I know that fur is inevitable, was just wondering if there was a way to cut it down a bit. I brush her once or twice a day but there is still a huge amount of fur around. Is there a seasonal shedding for ragdolls? Sorry she is my first kitty so this might be a silly question!

Thanks,
Jade


----------



## marie73 (Jul 12, 2006)

I take Cinderella to my groomer about 3 times a year. She gets enough fur out to make another cat! Some people like the Furminator, but none of my girls care for it. I sometimes use a flea comb with long teeth - it gets out tons more fur than the brush. But it's been lost for a few weeks. I'm sure there's a cat behind its disappearance.


----------



## Bluemitted (Nov 4, 2009)

Ragdolls are not supposed to shed excessively, I would get your cat checked out.


----------



## marie73 (Jul 12, 2006)

Birmans aren't supposed to mat. Would you like to speak to Cinderella about that? Apparently, she never read her "breed" rules.  

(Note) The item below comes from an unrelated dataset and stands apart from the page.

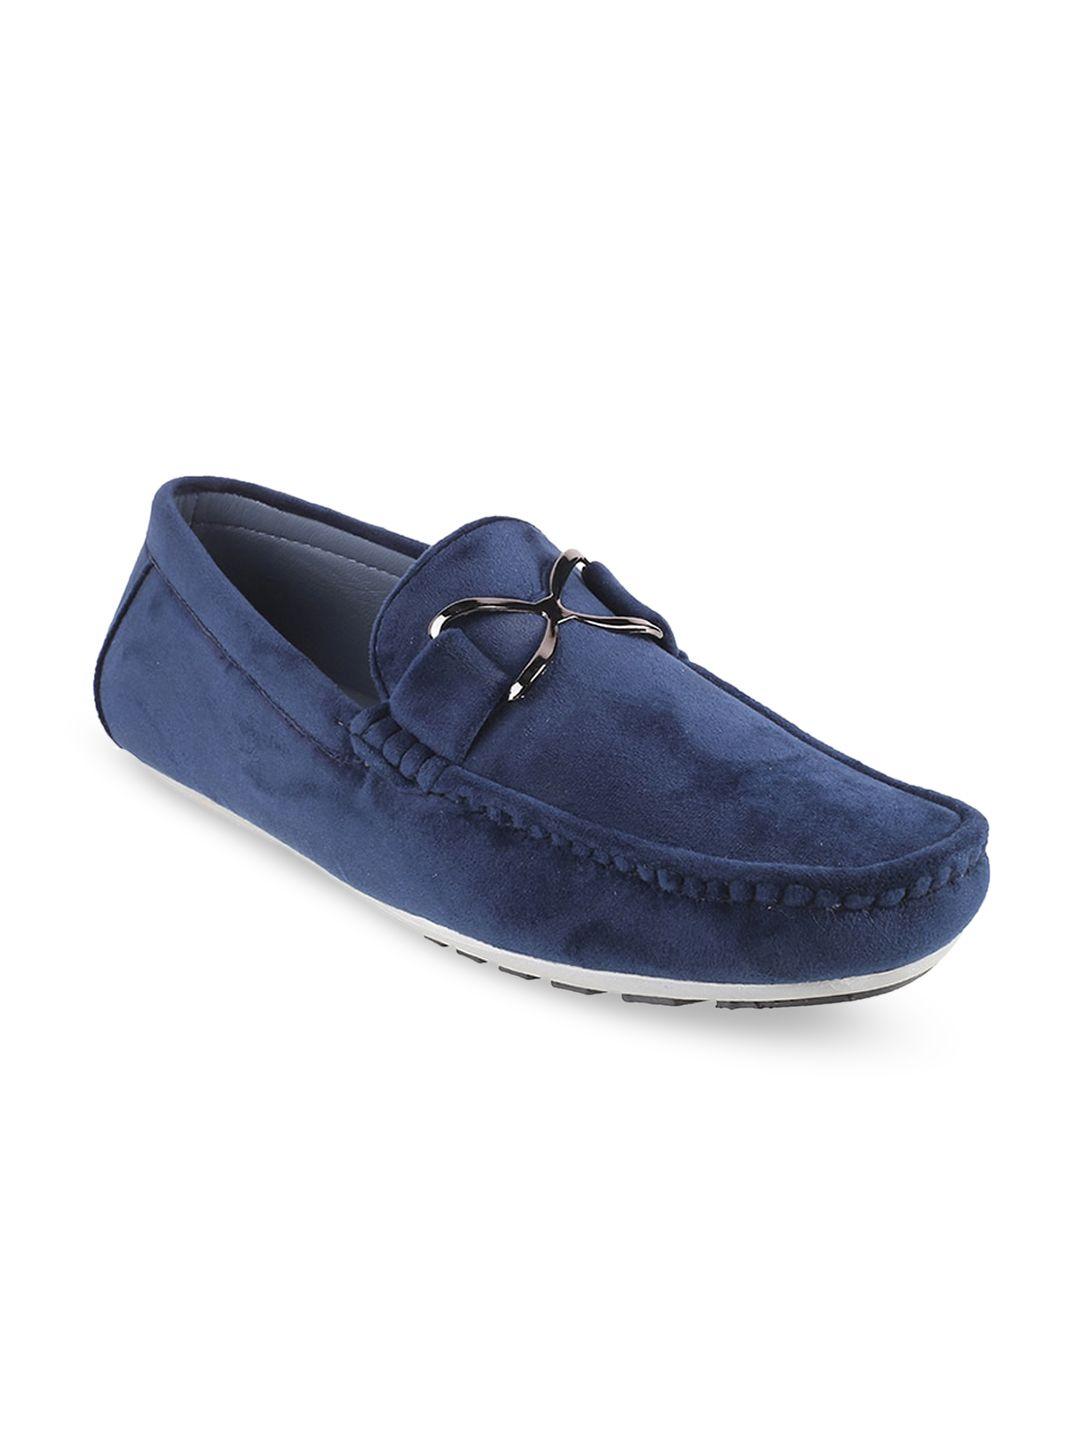 mochi-men-embellished-comfort-insole-suede-horsebit-loafers

If Ragdolls shed like Birmans, it's little tufts of fur, easy to pick up. But if it's like Cleo, it's fur everywhere!


----------



## jade & alfy (Oct 28, 2009)

yeah just little tufts and sigle hairs, i would say its just the loose fur but the brushing isnt getting it out. Im sure if i get a furminator it should be fine. I just wasnt sure what to do but i will change to a better brush. Funny the little things that come up when u get a cat!

Thanks
Jade


----------



## Heidi n Q (Nov 22, 2006)

I am lucky that all of my longhairs LOVE being brushed and I have found frequent brushing and sweeping/vacuuming during shedding season helps to keep the mess and hairballs away. Also, feeding a premium food helps eliminate excessive shedding and feeding a premium canned food diet (or raw) is even better at keeping our cats hydrated and their skin supple, able to hold onto their fur.
Then again, some cats are just year-round shedders no matter what you do or how well you feed them. Like my BooBoo.


----------



## hoofmaiden (Sep 28, 2009)

Yep--the key to living w/ longhaired cats is to get them used to grooming and to do at few minutes every day. Got my mom on board w/ that when she and her partner got 2 ragdoll kittens, and 5 years later, the cats LOVE to be groomed. It only takes 4 min. a day, b/c if you do it daily they never get matted or lumpy, and whatever you get out on the brush doesn't end up on the couch.


----------